The voices are pitch-perfect and resonant and the narrative unfolds at a pace that mirrors the emotional weight of the story. The denouement as these two sisters' journeys begin to converge is poignant and surprisingly satisfying. Highly recommended.
I've got two non-fiction reads going at the moment, so I've been indulging in Georgette Heyer while driving. I've finished Sylvester and I'm listening to Cotillion now. I probably read Cotillion almost every year. It cracks me up.
I've also done a re-read of Maniac Magee with the kids as part of our Newbery Award project.
The re-reading is lovely. It's more relaxed, because you know the book. Like talking with an old friend.
I always compare rereads to that old Brownie Scout ditty, "Make new friends but keep the old; one is silver and the other gold." ;-)
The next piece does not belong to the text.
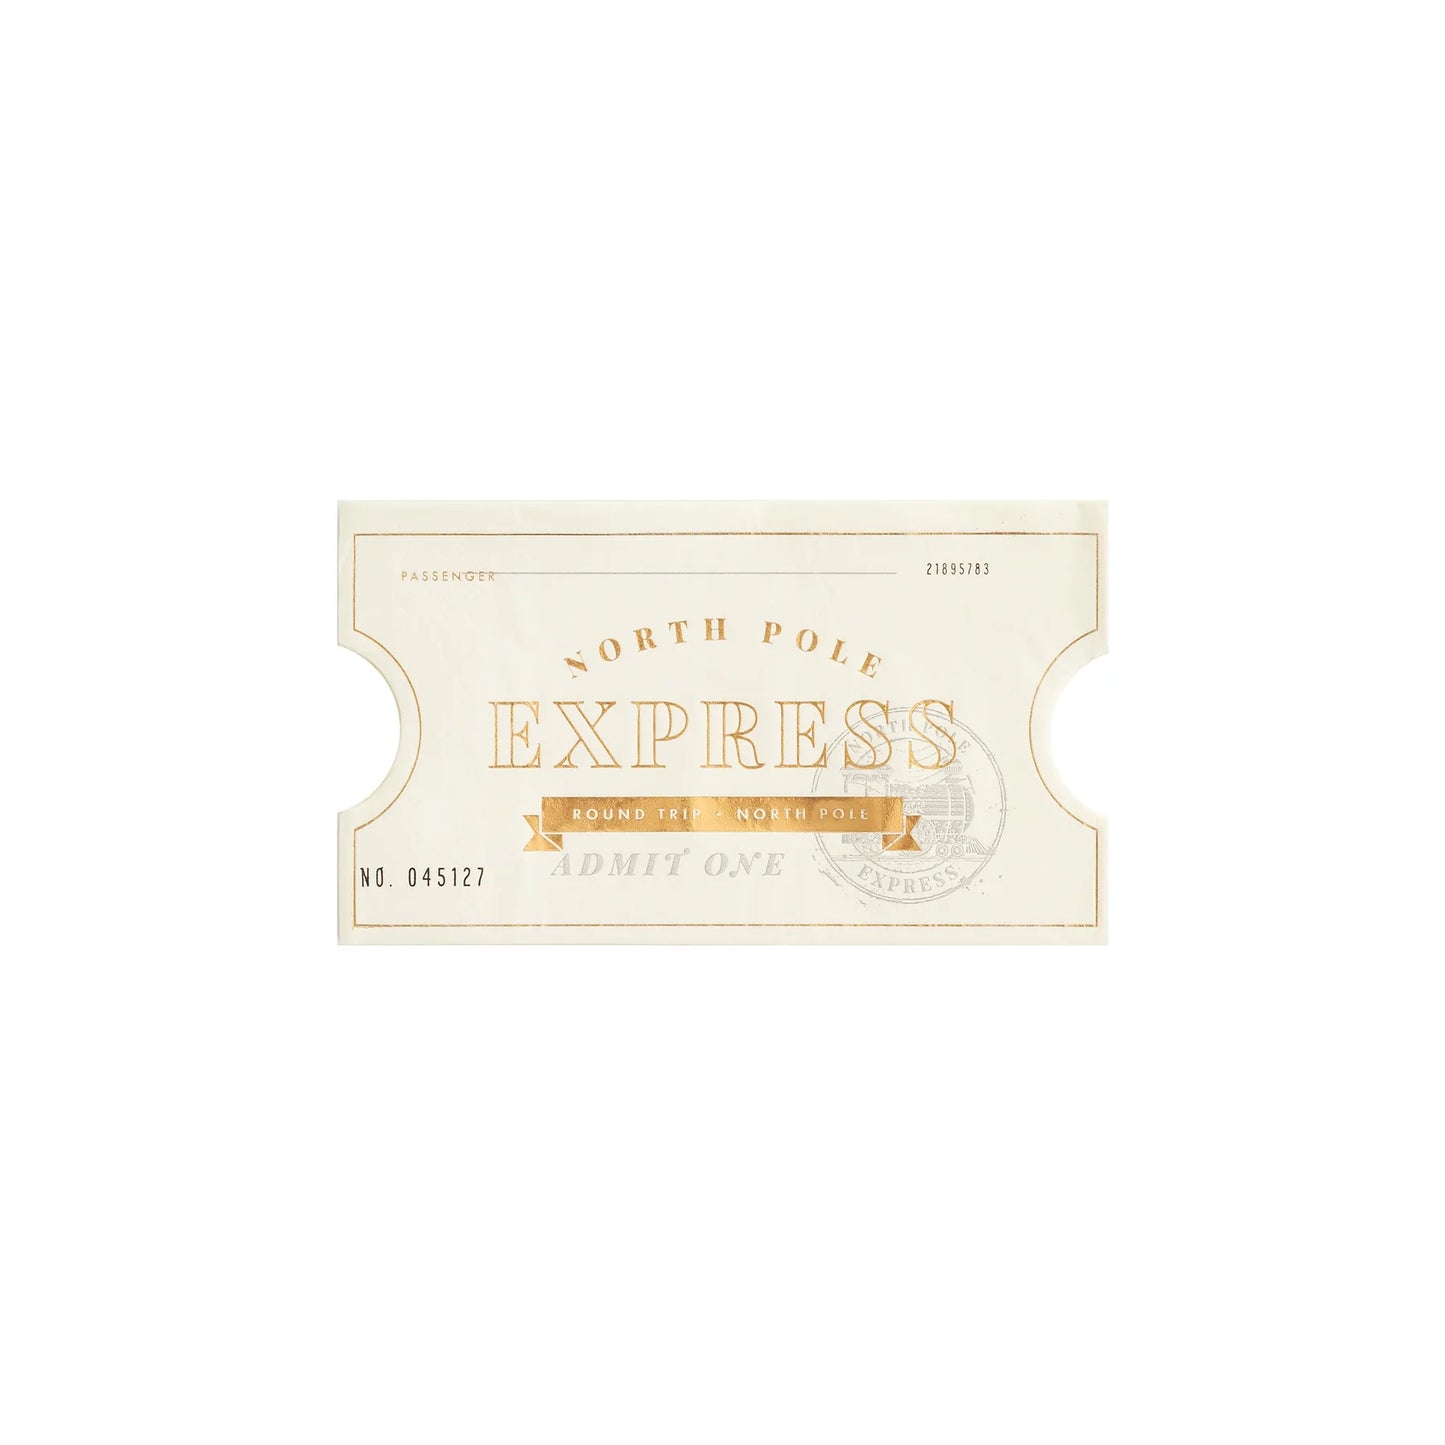 North Pole Express Ticket Guest Napkins (18 Count)

My first reread of the year will be at the behest of my book group. I first read Discount Armageddon by Seanan McGuire when it was published in 2016. It was the first book of hers that I had read outside of the October Daye series, which is truly excellent, and I think part of my reaction (slightly disappointed) was to the fact that it was not a Toby book. I liked it but didn't love it. Since then, I've read four more books in this series and, while I still love Toby more, I have definitely enjoyed them. So it will be interesting going back to this initial book of the Incryptid series and reading it, knowing the worldview and not constantly comparing it to the other series but being able to relax into it and enjoy it.
So, I've done it, and definitely enjoyed it more.
Book #14 Discount Armageddon by Seanan McGuire (352 pp.)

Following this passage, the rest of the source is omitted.